Afrika’daki en zengin %1’in gelir ve servetini ek bir yüzde puanı ve ek 10 yüzde puanı oranında vergilendirmesi durumunda, Afrika ülkeleri her yıl yaklaşık 66 milyar ABD doları ek gelir elde edebilir. Bu miktar, kıtanın ücretsiz, kaliteli eğitim ve tüm ev ve işletmelerin elektriğe bağlanması için finansman açığını karşılamaya yetecek ve hatta 2 milyar ABD doları artıracaktır. Bu aynı zamanda Afrika’nın vergi/GSYİH oranını %15’e yakın bir oranda artırarak, mevcut %16’dan %18,29’a çıkaracaktır.

Gelecek İçin Fırsatlar ve Çözüm Önerileri

2025 yılı, Afrika liderleri için eşitsizlikle mücadelede hem kendi ülkelerinde hem de küresel ölçekte cesur adımlar atmak için benzersiz fırsatlar sunmaktadır. Güney Afrika’nın G20 başkanlığı, ilk BM Vergi Sözleşmesi müzakereleri ve süper zenginlerin vergilendirilmesi yönündeki artan küresel ivme, bu fırsatları beslemektedir. Vatandaşlar arasında süper zenginlerin vergilendirilmesine yönelik güçlü bir destek bulunmaktadır; 34 Afrika ülkesinde yapılan bir ankette, halkın %69’u, yoksullara fayda sağlayacak hükümet programlarını finanse etmek için zenginlerin daha yüksek oranda vergilendirilmesinin adil olduğu konusunda hemfikirdir.

Raporda, Afrika’nın hem kendi içinde hem de küresel ölçekte eşitsizlikle mücadelede bir şampiyon olabilmesi için çeşitli politika önerileri sunulmaktadır:

  • Eşitsizlikte İddialı Azaltmalar Planlamak: Hükümetler, gelir ve servet eşitsizliğini azaltmak için zaman sınırlı ve iddialı hedefler belirleyen Ulusal Eşitsizlik Azaltma Planları (NIRP’ler) geliştirmelidir.
  • Eşitsizliği Azaltıcı Politikalar Uygulamak:
    • İlerici İşgücü Politikaları: Asgari ücretlerin artırılması ve kayıt dışı ekonomideki aktörlerin resmileştirilmesi desteklenmelidir.
    • Kamusal Harcamaların Artırılması: Kaliteli kamu eğitimi, sağlık ve sosyal korumaya yapılan kamu harcamaları artırılmalı, sağlık bütçesinin %15, eğitim bütçesinin %20 olması hedeflenmelidir.
    • Daha İlerici Vergi Sistemleri: Düşük gelirli gruplar için gelir vergisi muafiyetleri sağlanmalı, gıda gibi temel mallara KDV’de sıfır oran uygulanmalı, kurumsal vergi teşvikleri gözden geçirilmeli ve vergi sistemleri gerici vergilerden ilerici vergilere doğru dengelenmelidir.
  • Süper Zenginler Üzerindeki Vergileri Artırmak: Gelir ve servet vergileri, eşitsizliği önemli ölçüde azaltacak kadar yüksek oranlarda artırılmalıdır.
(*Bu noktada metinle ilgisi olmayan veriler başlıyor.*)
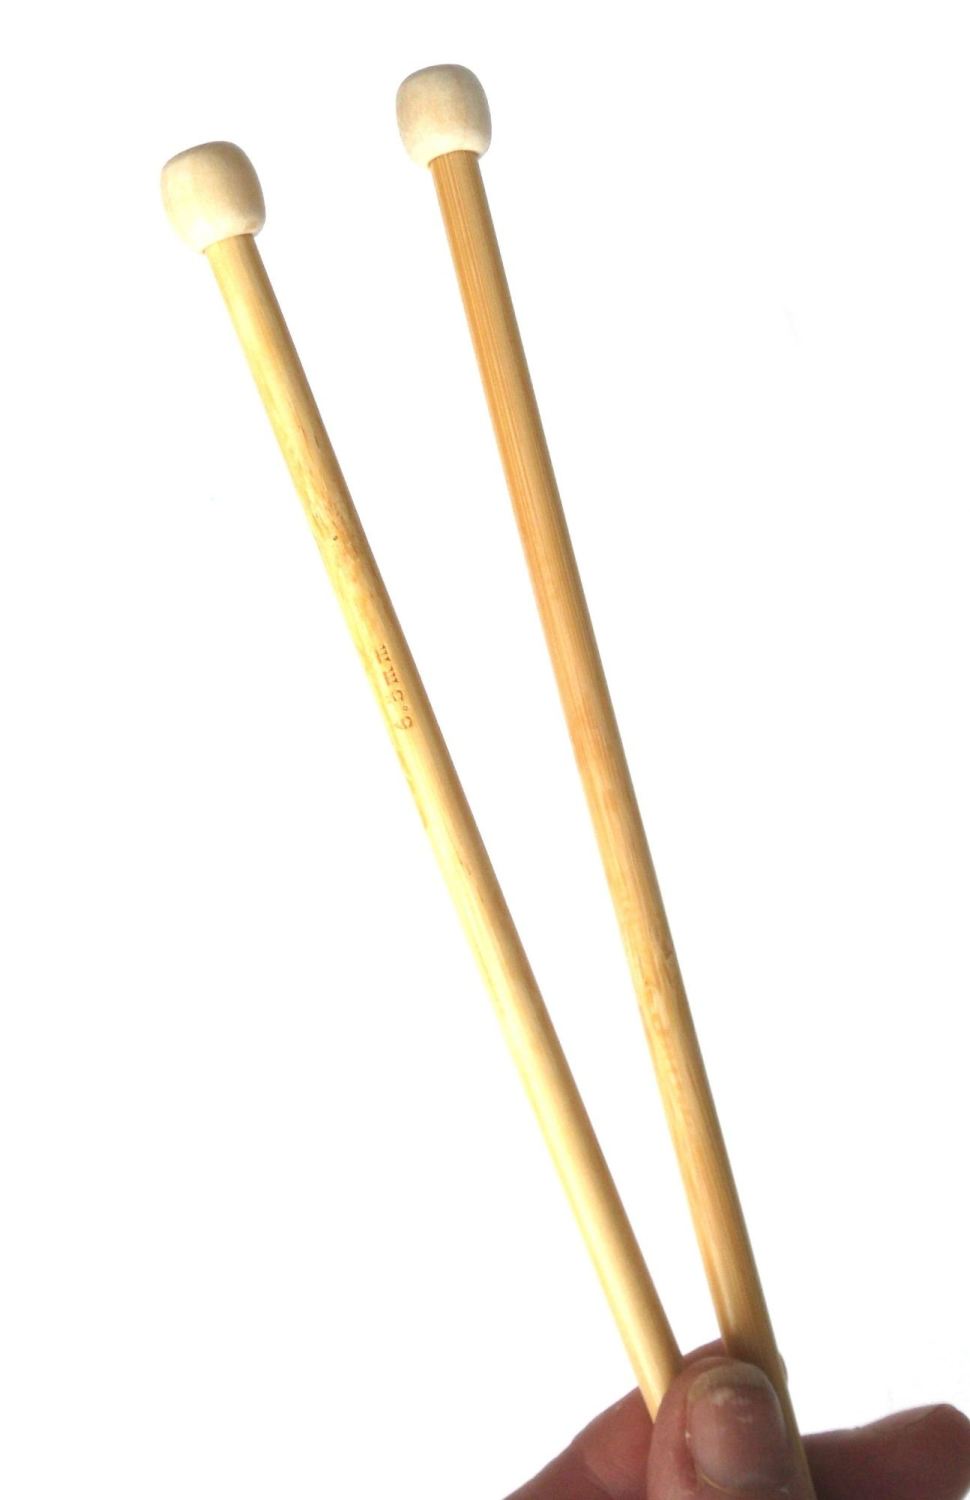 6 7 5mm bamboo knitting needles 35 cm long 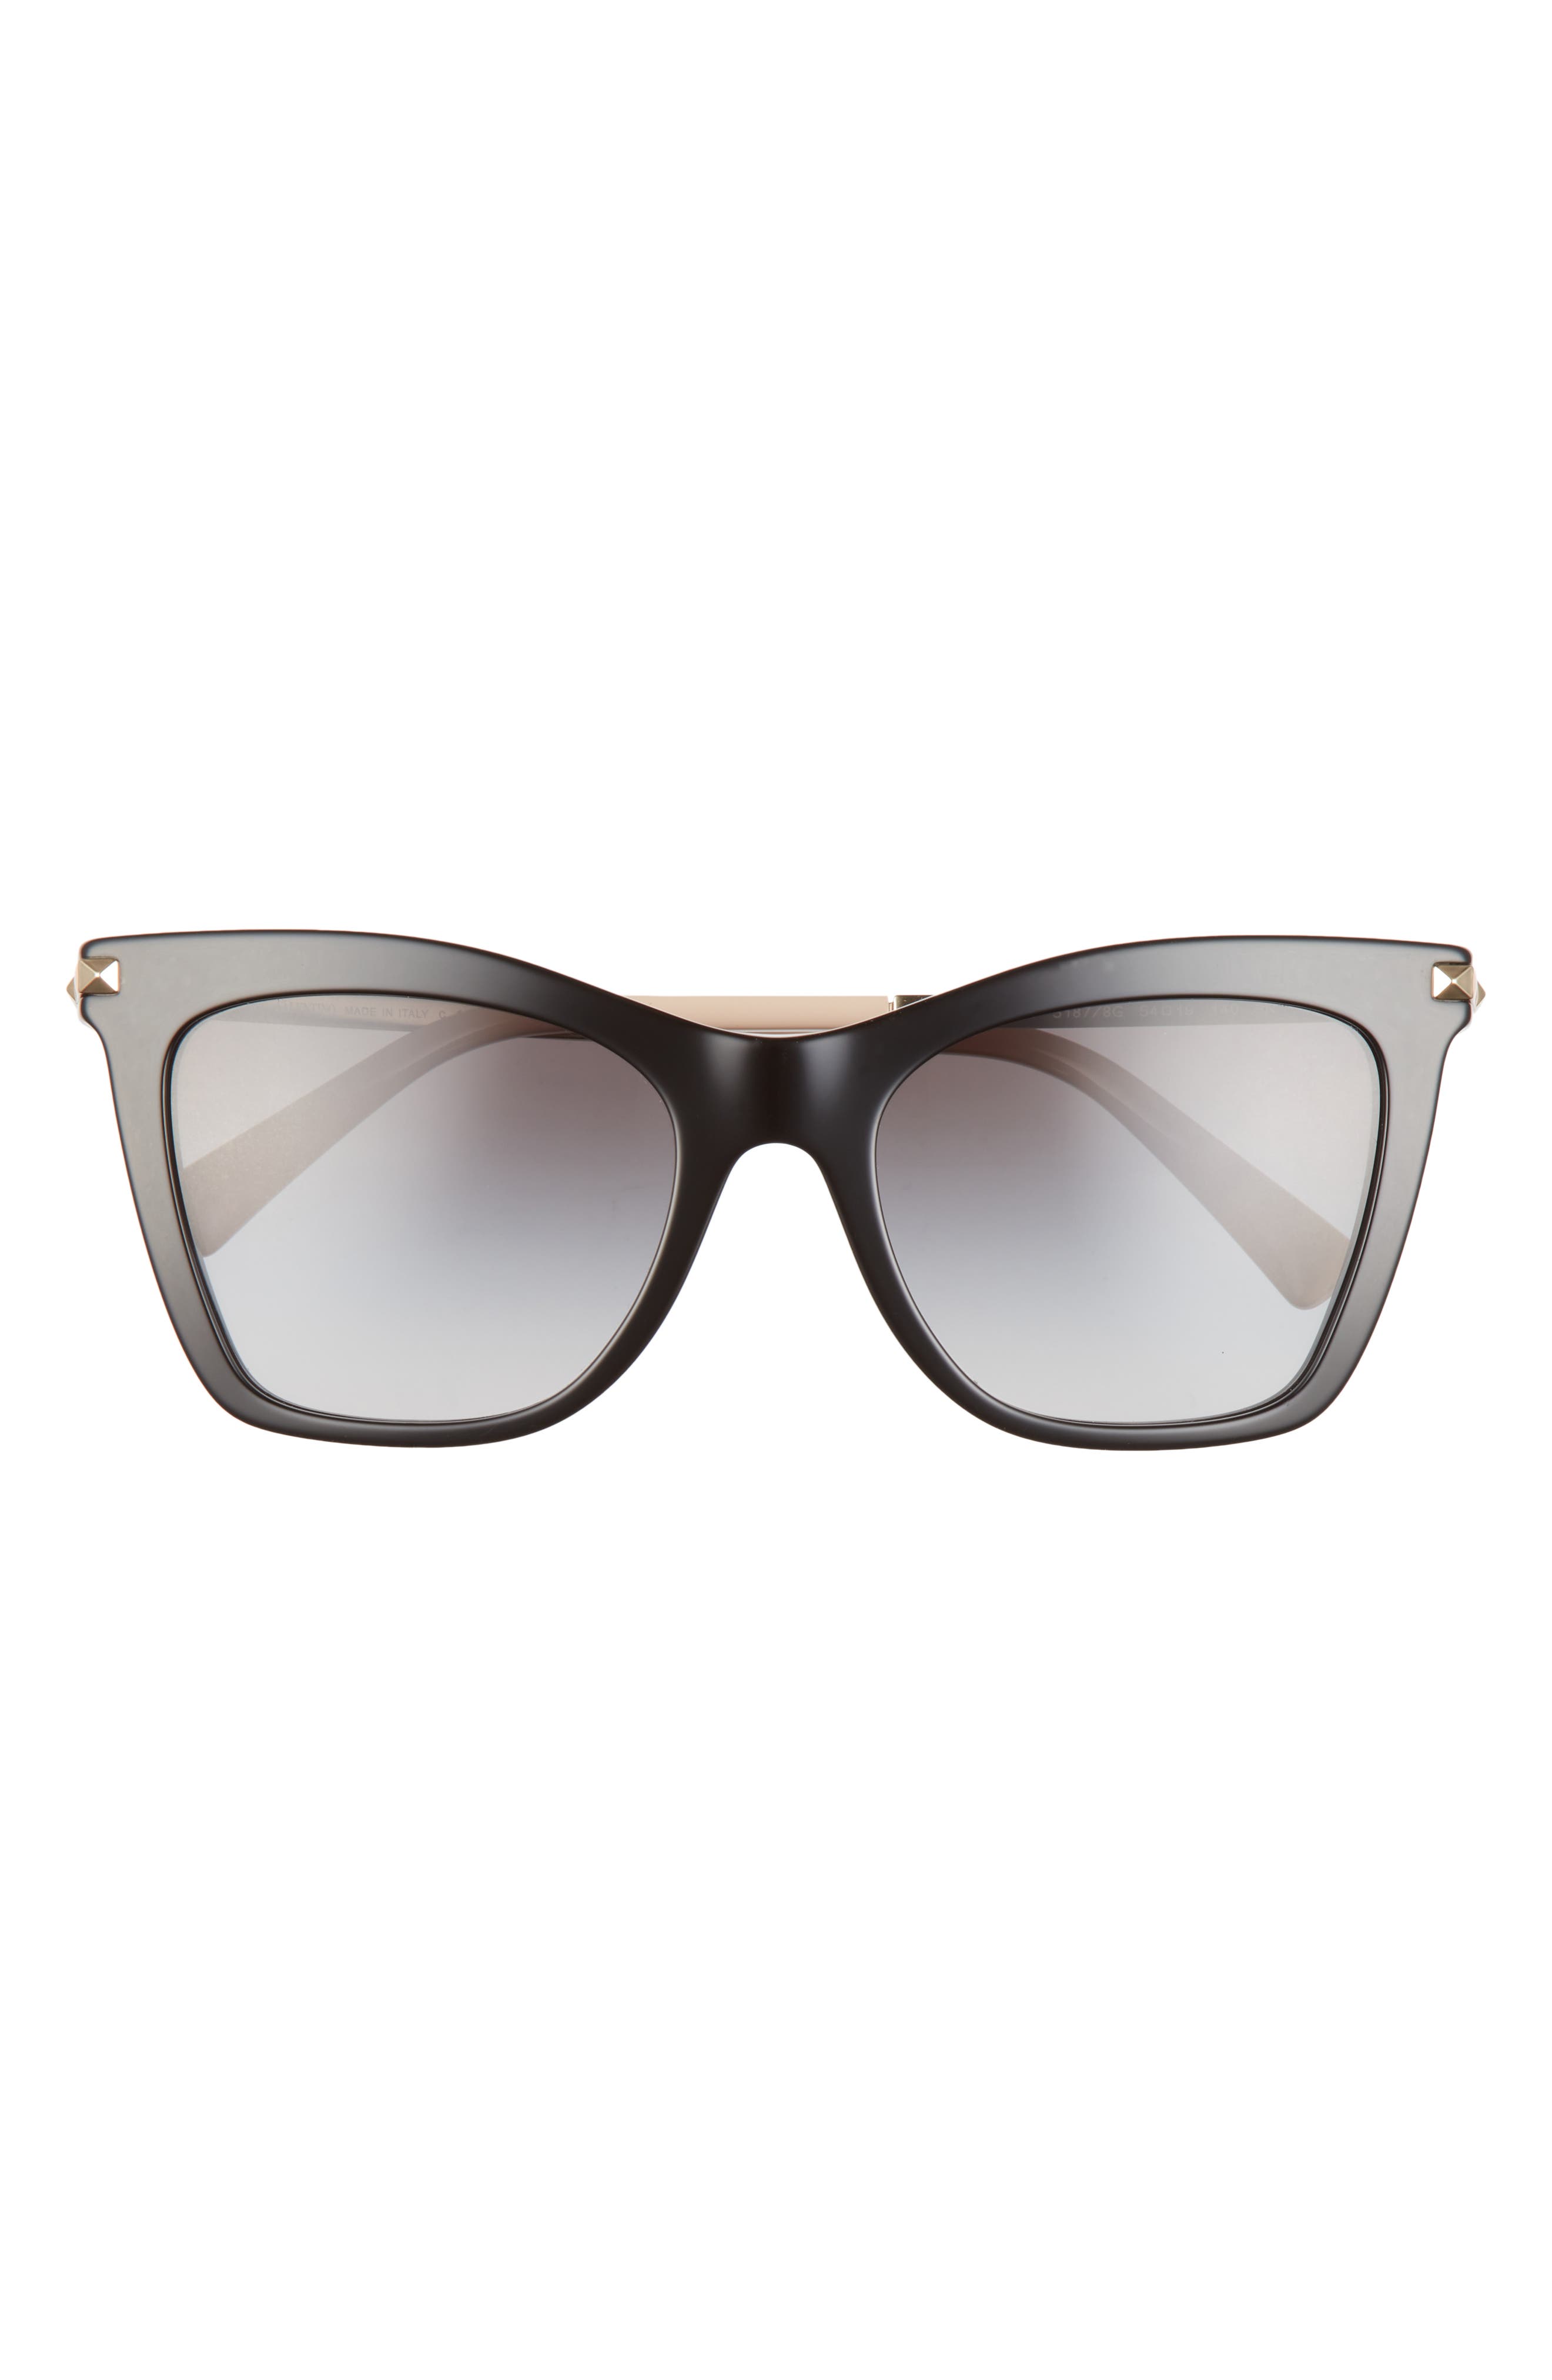 Valentino 54mm Cat Eye Sunglasses in Black/Gradient Smoke at Nordstrom

Yüksek net değerli bireyleri vergilendirmek için vergi idaresi içinde özel ve yeterli kaynaklara sahip birimler kurulmalıdır.
  • Uluslararası İşbirliği ve Kurum Reformları: Yeni kurulan “Süper Zenginleri Vergilendirme Sevilla Eylem Platformu”na katılmak, BM Vergi Sözleşmesi için kararlı bir duruş sergilemek ve IMF ile Dünya Bankası’nın yönetim yapısını ve politika tavsiyelerini reforme etmek önem arz etmektedir.
  • Sivil Katılımın Sağlanması: Vatandaşlar, medya ve sivil toplum kuruluşları, mali politikaların ve NIRP’lerin geliştirilmesi, izlenmesi ve etkilenmesinde anlamlı bir rol oynamalıdır.

Sonuç

Afrika’nın eşitsizlik krizi, sadece ekonomik bir sorun değil, aynı zamanda kökleri tarihsel sömürüye dayanan derin bir sosyal adaletsizlik meselesidir. Raporun da açıkça ortaya koyduğu gibi, kıtadaki zenginliğin aşırı yoğunlaşması ve hükümetlerin bu durumla mücadeledeki zayıf taahhüdü, milyonlarca insanın yoksulluk içinde yaşamasına ve temel haklardan mahrum kalmasına neden olmaktadır. Ancak, süper zenginleri vergilendirme, kamu hizmetlerine yatırım yapma ve yasa dışı finansal akışları durdurma potansiyeli, bu krizin üstesinden gelmek için önemli bir fırsat sunmaktadır.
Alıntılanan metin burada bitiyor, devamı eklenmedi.